Simple Network Visualization

library(yulab.utils)
library(igraph)
library(ggplot2)
library(ggtangle)
library(aplot)
library(ggfun)

net <- erdos.renyi.game(10, .5)

V(net)$name = letters[1:10]
E(net)$weight = abs(rnorm(length(E(net))))
E(net)$type = sample(LETTERS[1:3], length(E(net)), replace=TRUE)

p <- ggplot(net) + geom_edge()
p

Node color and size

p1 <- p + geom_point(size=6, color='steelblue')
p2 <- p + geom_point(aes(color = label %in% letters[1:5]), size=6)
p3 <- p + geom_point(aes(size = igraph::degree(net)), color='steelblue') 
p4 <- p + geom_point(aes(shape = label %in% letters[1:5]), color='steelblue', size=8) 
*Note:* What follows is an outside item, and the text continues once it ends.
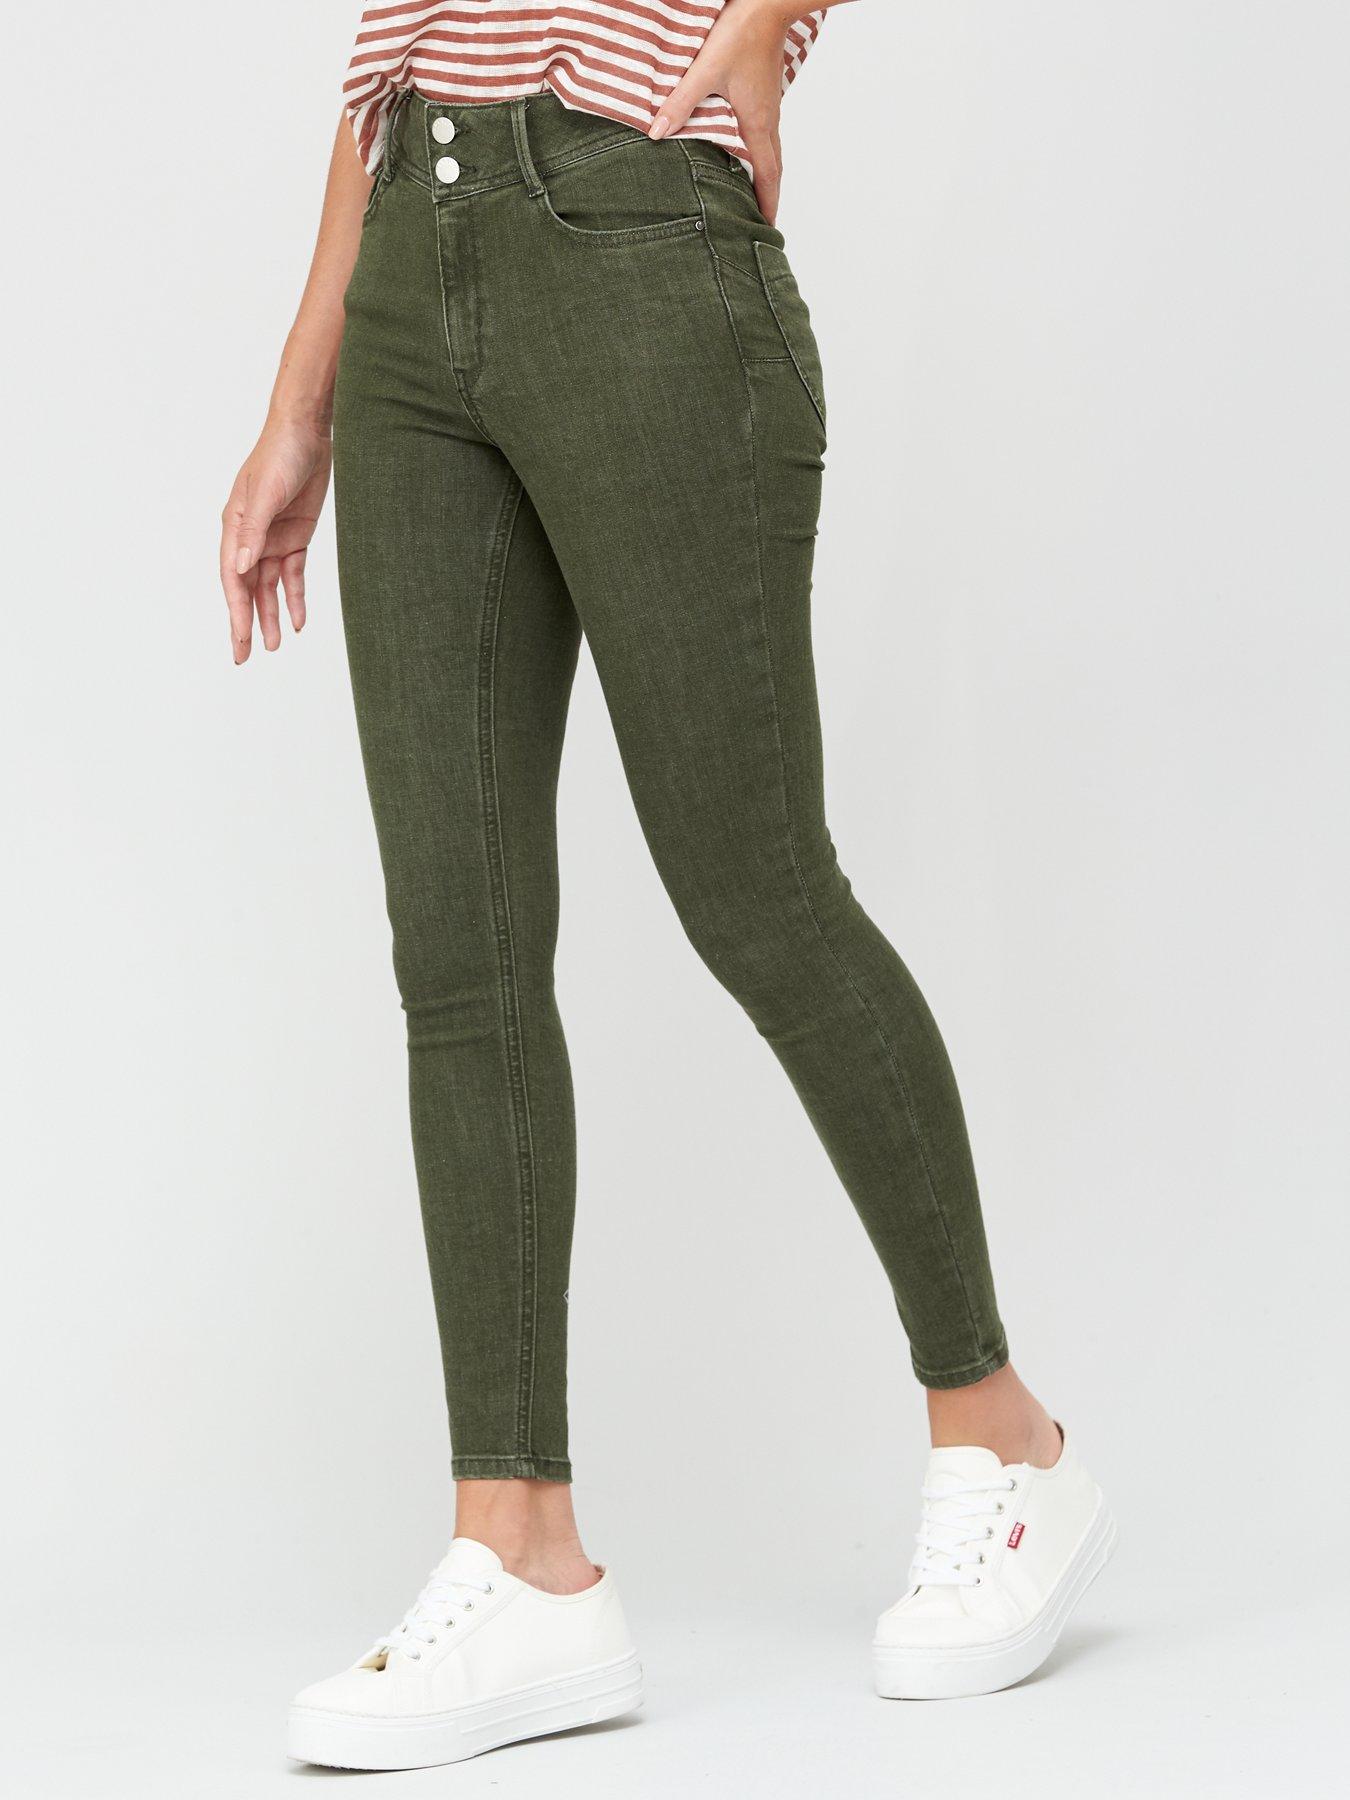 green skinny jeans ladies

plot_list(p1, p2, p3, p4, ncol=2)

Node label

p5 <- p + geom_label(aes(label=label, color=label %in% letters[1:5]), size=5)

p6 <- p + geom_label(aes(label=label), size=5, data=ggtree::td_filter(label %in% letters[1:5]))

plot_list(p5, p6)

Edge

p7 <- ggplot(net) + geom_edge(aes(linewidth=weight)) 
p8 <- ggplot(net) + geom_edge(aes(color=type)) 
p9 <- ggplot(net) + geom_edge(aes(linetype=type)) 
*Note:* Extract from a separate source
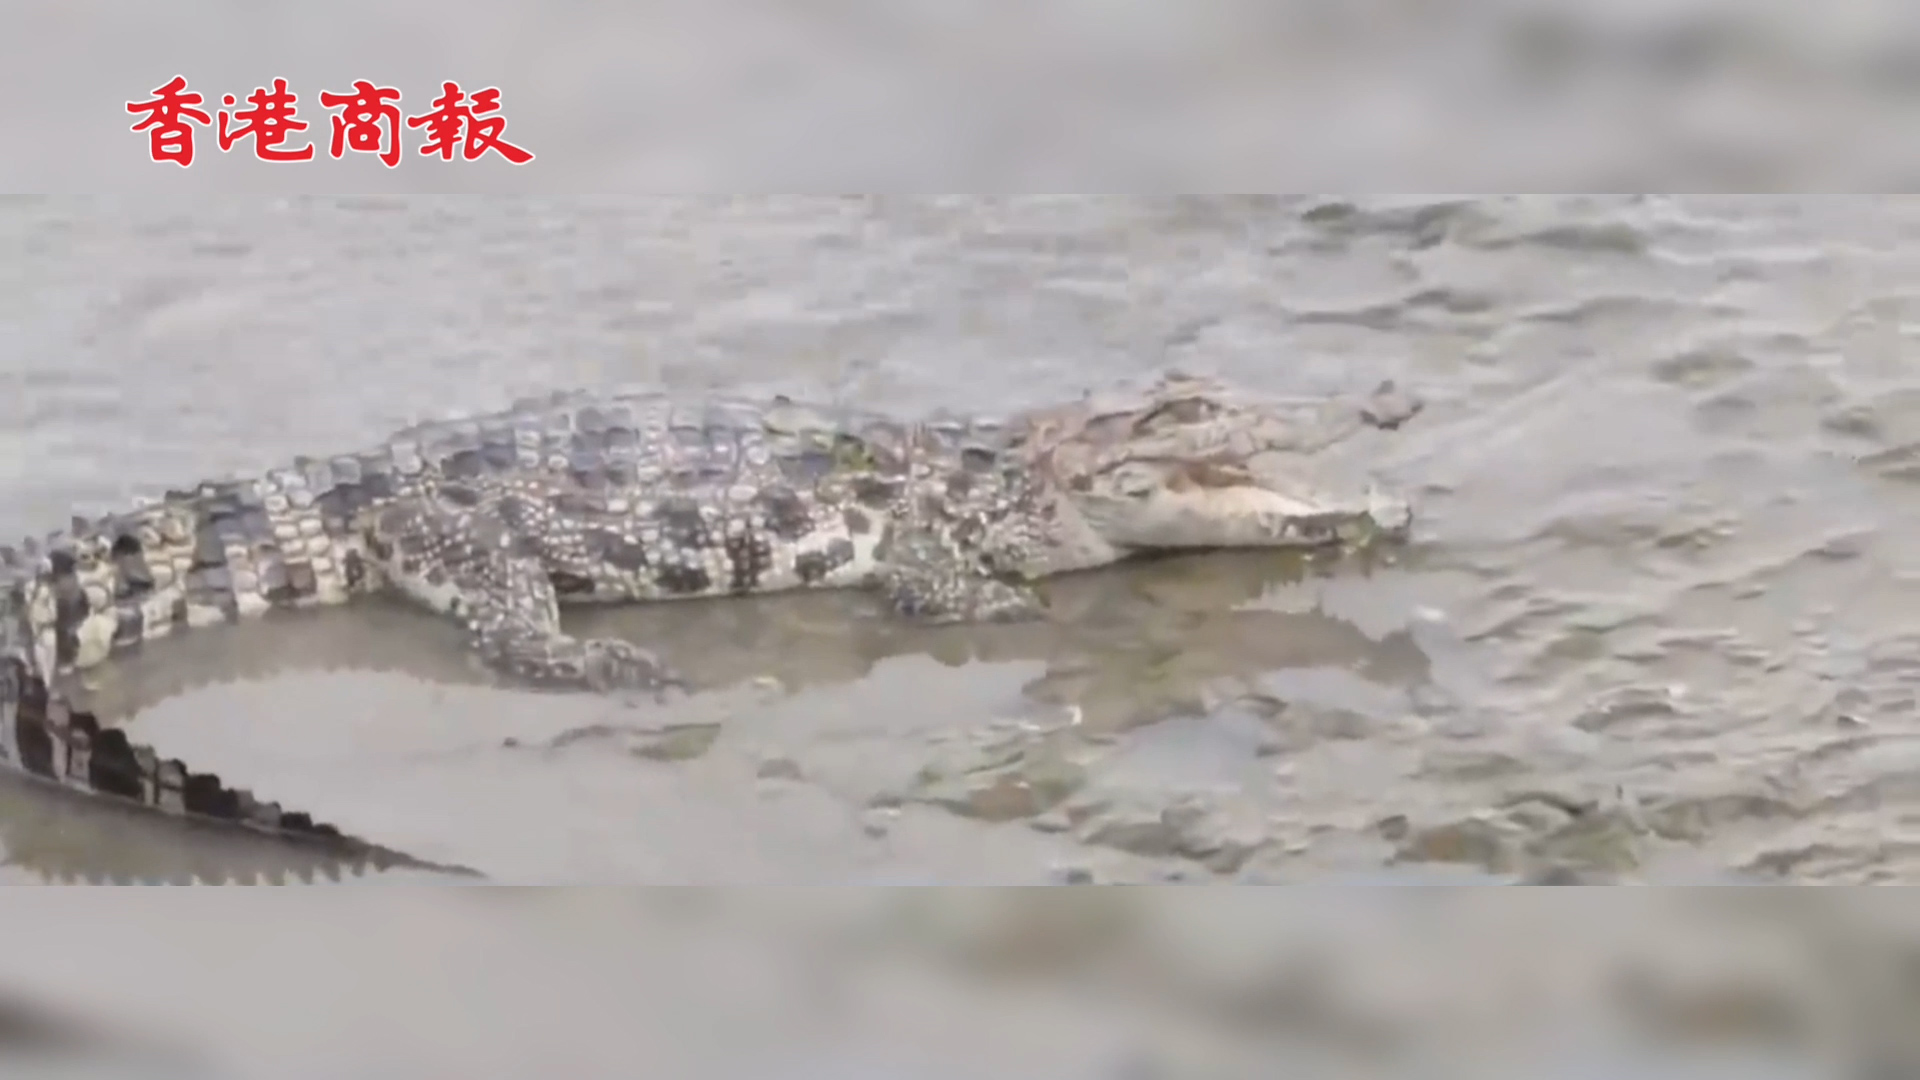 有片 |  上海黃浦江畔出沒的鱷魚被捕獲

plot_list(p7, p8, p9, ncol=3)

Network with external data

set.seed(123)
expr <- abs(rnorm(10))
d <- data.frame(label=V(net)$name, expression=expr)
p %<+% d + geom_point(aes(color = expression), size=6) +
    scale_color_viridis_c()

Network with pies

flow_info <- data.frame(from = LETTERS[c(1,2,3,3,4,5,6)],
                        to = LETTERS[c(5,5,5,6,7,6,7)])

dd <- data.frame(
    label = LETTERS[1:7],
    v1 = abs(rnorm(7)),
    v2 = abs(rnorm(7)),
    v3 = abs(rnorm(7))
)

g <- igraph::graph_from_data_frame(flow_info)
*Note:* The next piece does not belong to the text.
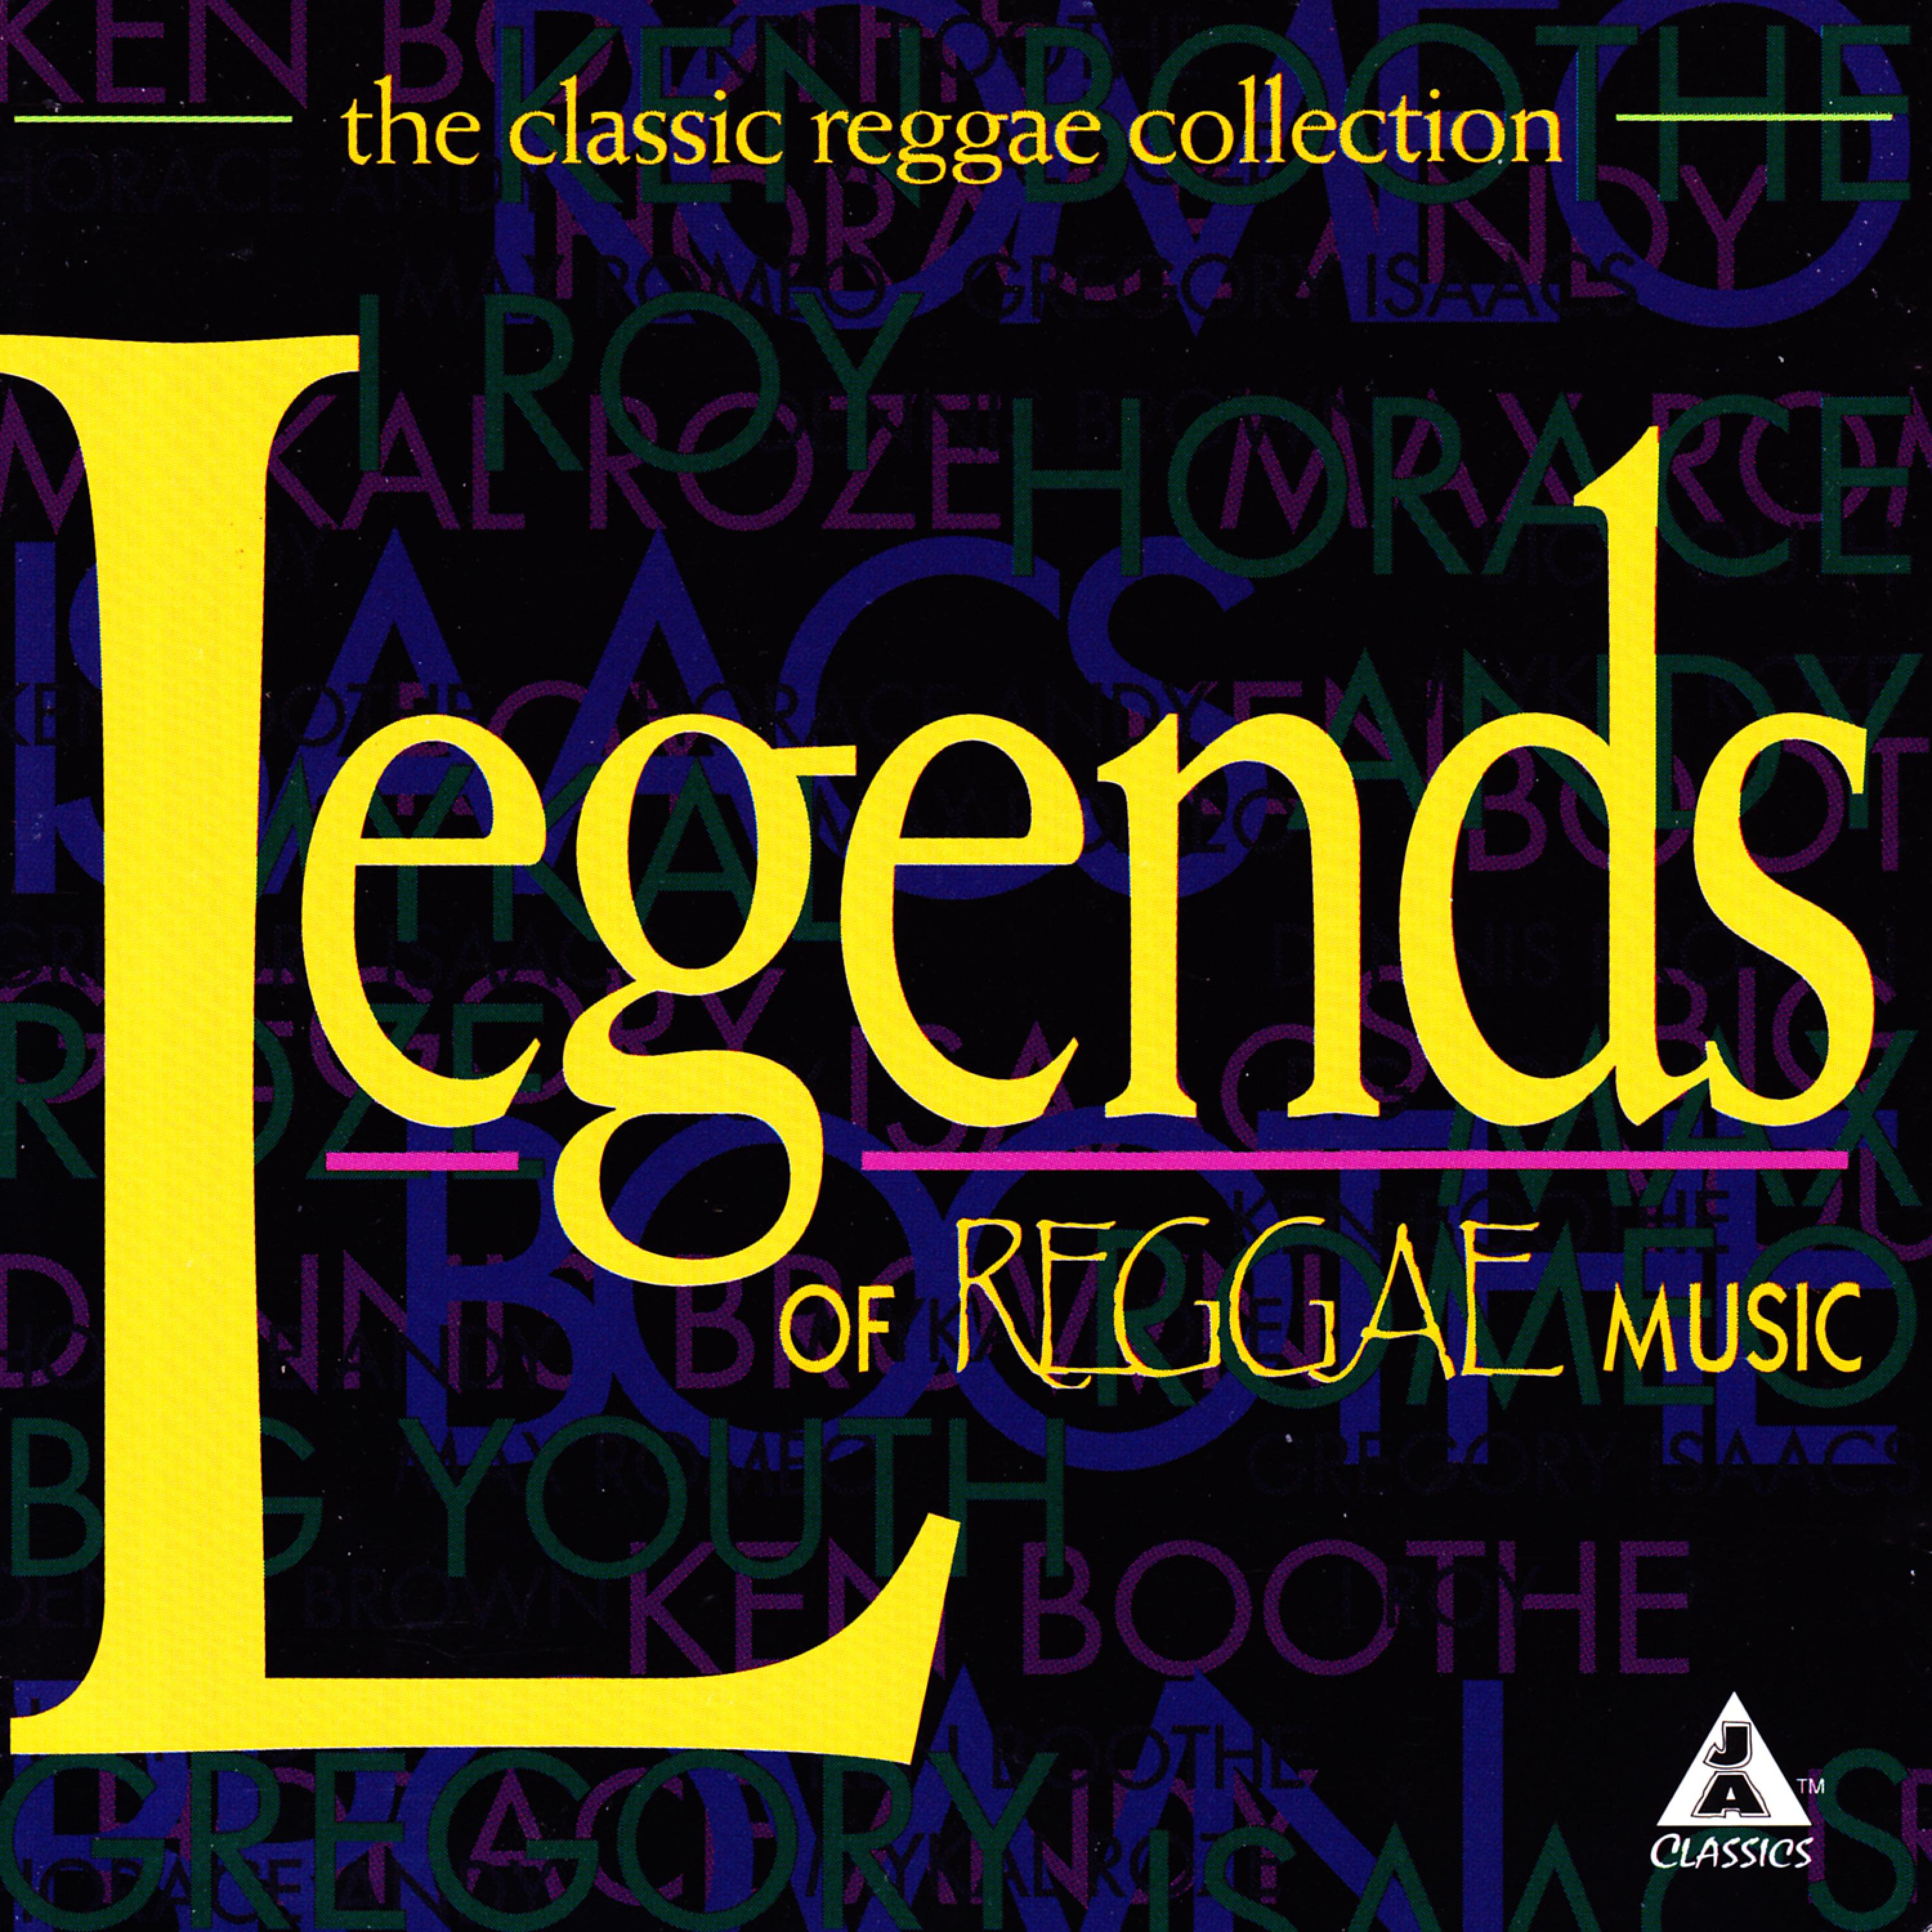 The Classic Reggae Collection: Legends of Reggae Music

p <- ggplot(g)  + geom_edge()

library(scatterpie)
## scatterpie v0.2.4 Learn more at https://yulab-smu.top/
p %<+% dd + 
    geom_scatterpie(cols = c("v1", "v2", "v3")) +
    geom_text(aes(label=label), nudge_y = .2) + 
    coord_fixed()

Category-Item association plot

set.seed(123)
x <- list(A = letters[1:10], B=letters[5:12], C=letters[sample(1:26, 15)])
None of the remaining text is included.